Example. Figure 3 illustrates how to perform a simple private SUM query of two plaintext (for the sake of simplicity) integers, 8 and 15, using a simple instance of secret sharing. For each of these two numbers, the AdTech provider generates three random shares such that their sum equals the initial integer. A subset of these random shares is sent to each helper party, which computes intermediate sums. To obtain the final sum, all helper parties just sum up their intermediate sums to obtain the initial sum, which equals 8 + 15 = 23. Note that each helper party does not have access to the initial two integers.

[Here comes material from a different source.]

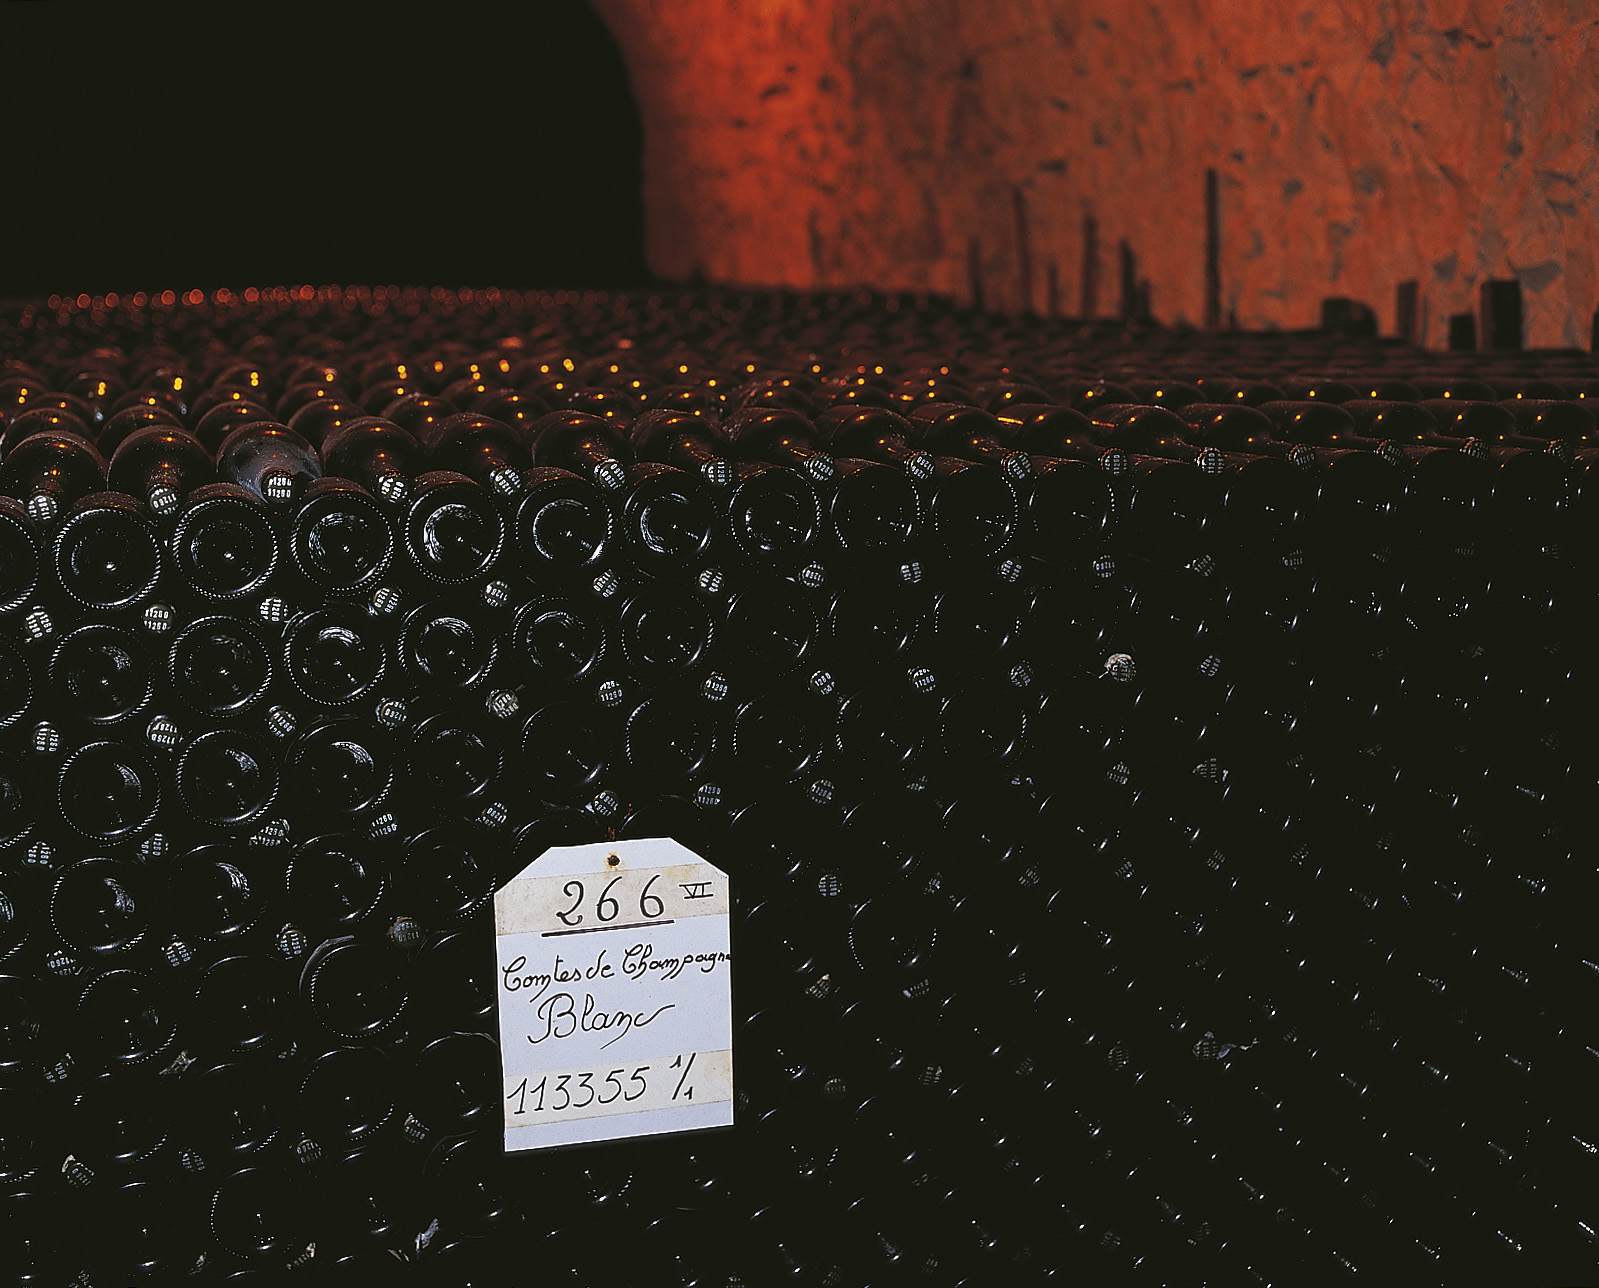 Taittinger Comtes De Champagne Blanc De Blancs Brut | Quentin Sadler's Wine  Page

Figure 3. Illustration of a simple secret sharing scheme between three helper parties to compute a sum of two integers. The dice are used to refer to random numbers.

Benchmark

In this section, we provide a high-level benchmark between MPC and TEE with respect to key principles that should be verified when addressing attribution or reporting use case: accuracy, flexibility, and scalability.
In current browser vendors’ proposals, campaign optimisation via machine learning (ML) training is meant to be performed after noisy and aggregated data collection via a reporting API. In this benchmark, we also compare MPC and TEEs to perform campaign optimisation directly via helper parties. This use case could be envisioned in future versions of browser vendors’ proposals since it allows to use off-the-shelf ML algorithms that take as input non-aggregated features and labels.

Accuracy

In Table 1, we compare MPC and TEE from the accuracy lens. MPC protocols are based on two main primitives namely private addition and multiplication.
For simple reporting use cases, such as COUNT queries as proposed in the IPA proposal, we can leverage efficient private addition protocols to address them using MPC. For more advanced use cases such as campaign optimisation via machine learning (ML) training, we have to deal with non-linear functions that have to be approximated, in contrast to the use of a TEE. This approximation might lead to a performance drop for ML models.

Flexibility

In Table 2, we compare MPC and TEE from the flexibility lens; low flexibility meaning that associated algorithms may be cumbersome to design or often come with additional costs that must be paid.
Regarding the TEE, the use of an attestation mechanism to audit the code running inside it might lead to low flexibility despite meeting correctness. Indeed, if the browser vendor proposes to AdTech vendors the possibility to use custom SQL queries and ML training pipelines, then the former has to audit associated codes and verify that differential privacy is indeed met at the prescribed level. On the other hand, if the browser vendor proposes pre-defined templates to perform SQL queries or ML training to limit the code audit overhead, this yields a few degrees of freedom for AdTech to innovate.
For MPC, the lack of flexibility comes from (1) the use of additional protocols such as oblivious sorting to prevent information leakage by obfuscating the sorted location of any report, and (2) the necessity to provide efficient cryptographic primitives (e.g. private addition, private computation of the sigmoid function) to AdTech vendors to encompass a variety of private computations.

Scalability

In Table 3, we compare MPC and TEE from the scalability lens.
Due to multi-party (but not independent in general) computations, MPC might suffer from large communication costs. These costs will be presented in thorough detail in a companion article focusing on MPC in practice for attribution, reporting, and campaign optimisation. In addition, because of the use of secret sharing, more local computations within each helper party is required (e.g. 2 sums instead of 1 sum in Figure 3).
Regarding TEEs, the computational overhead is mainly associated with encryption and memory access costs which vary from one application to another. They also depend on the TEE technology (e.g. AMD SEV or Intel SGX). More details will be provided in a companion article focusing on TEEs.

What’s Next

As pointed out in the Introduction, this article is part of a series of articles focused on the analysis of helper servers enhanced by MPC or TEE, for attribution and reporting use cases. Therefore, other articles will follow to complement this introductory content.